I took delivery on one of these today. This is my first Japanese chef knife. This thing looks great and feels great in the hand. Can't wait to put it to use. Thanks Jon!


----------



## gregcss

Also, should I seal the handle and saya? I think I've read folks using oil and/or waxes. I have mineral oil and boos board cream (oil/wax mix) that I use on my boards. The boards do leave a little bit of oily feel in the hands so I would not want to use mineral oil on the knife handle or saya.


----------



## JBroida

board wax should work fine... i dont always use it right off the bat, but when the wood starts to feel or look dry, i give it a light coating


----------



## gregcss

JBroida said:


> board wax should work fine... i dont always use it right off the bat, but when the wood starts to feel or look dry, i give it a light coating



Thanks. I applied the board cream to the saya and handle as preventative maintenance. Wiped off and will let soak in over night.


----------



## KrutoyNozh

I have the 240mm Ikazuchi and it's been an amazing knife so far; some cucumbers have had their way with the core steel, and there it now sports a mild patina. For the handle and saya, I've used the JKI saya and handle wax. It's been wonderful for this and all of my other knives, and adds a noticeably darker, richer color--which I really appreciate--in addition to whatever its protective qualities may be. So a huge thumbs up (albeit from a novice!) on both the knife and the wax.


----------



## gregcss

KrutoyNozh said:


> I have the 240mm Ikazuchi and it's been an amazing knife so far; some cucumbers have had their way with the core steel, and there it now sports a mild patina. For the handle and saya, I've used the JKI saya and handle wax. It's been wonderful for this and all of my other knives, and adds a noticeably darker, richer color--which I really appreciate--in addition to whatever its protective qualities may be. So a huge thumbs up (albeit from a novice!) on both the knife and the wax.

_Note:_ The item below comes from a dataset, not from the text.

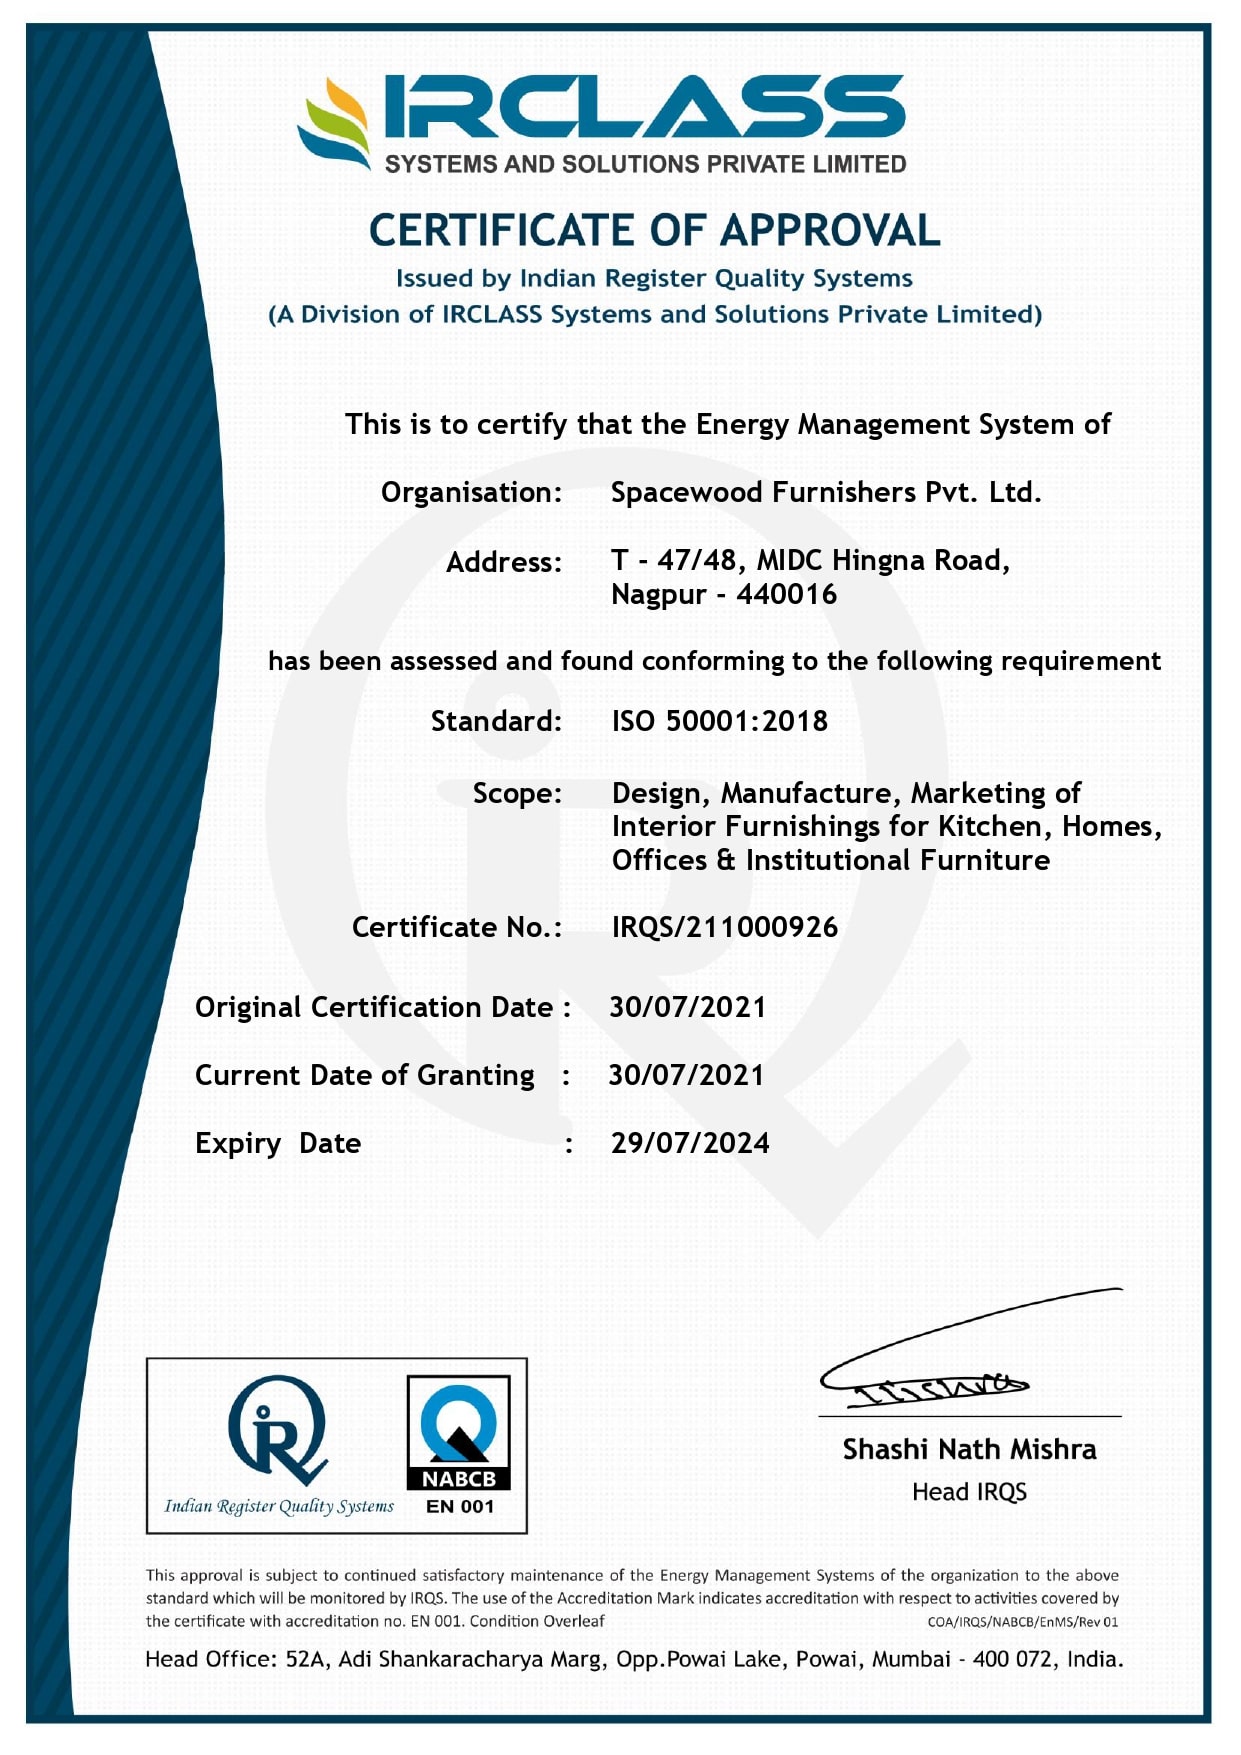 50001 certificate

I've had mine for a few months now. It's my first j knife and like it. Tomatoes seem to be a minor challenge but the performance there is directly related to my sharpening.


----------



## Sharp-Hamono

augerpro said:


> I imagine the ho wood handle helps tilt the balance forward which IMHO helps with momentum chopping. So bottom line, more weight than a laser, but a thin grind that performs well, and good steel and price? So if you don't need a weighty knife for chopping, a pretty fantastic knife at the price?





Castalia said:


> My 240mm Ikazuchi gyuto is 135 g. In comparison I just weighed my shigefusa 210mm gyuto and it was 172g.




I have an Ikazuchi 240mm and it's the lightest gyuto I own, but the balance is so much farther forward of where I'd normally grip that it really does give the knife a good weighty feel on the cutting board. Mine comes in at around 144 grams on my (cheap) postal scale. Mine also measures a bit longer than some other 240's. The length of the edge is about 1/4" longer than the edge on my Tanaka 240 and almost 3/4" longer than on my Gesshin Uraku W#2 240 (which seems to run a little short itself).


----------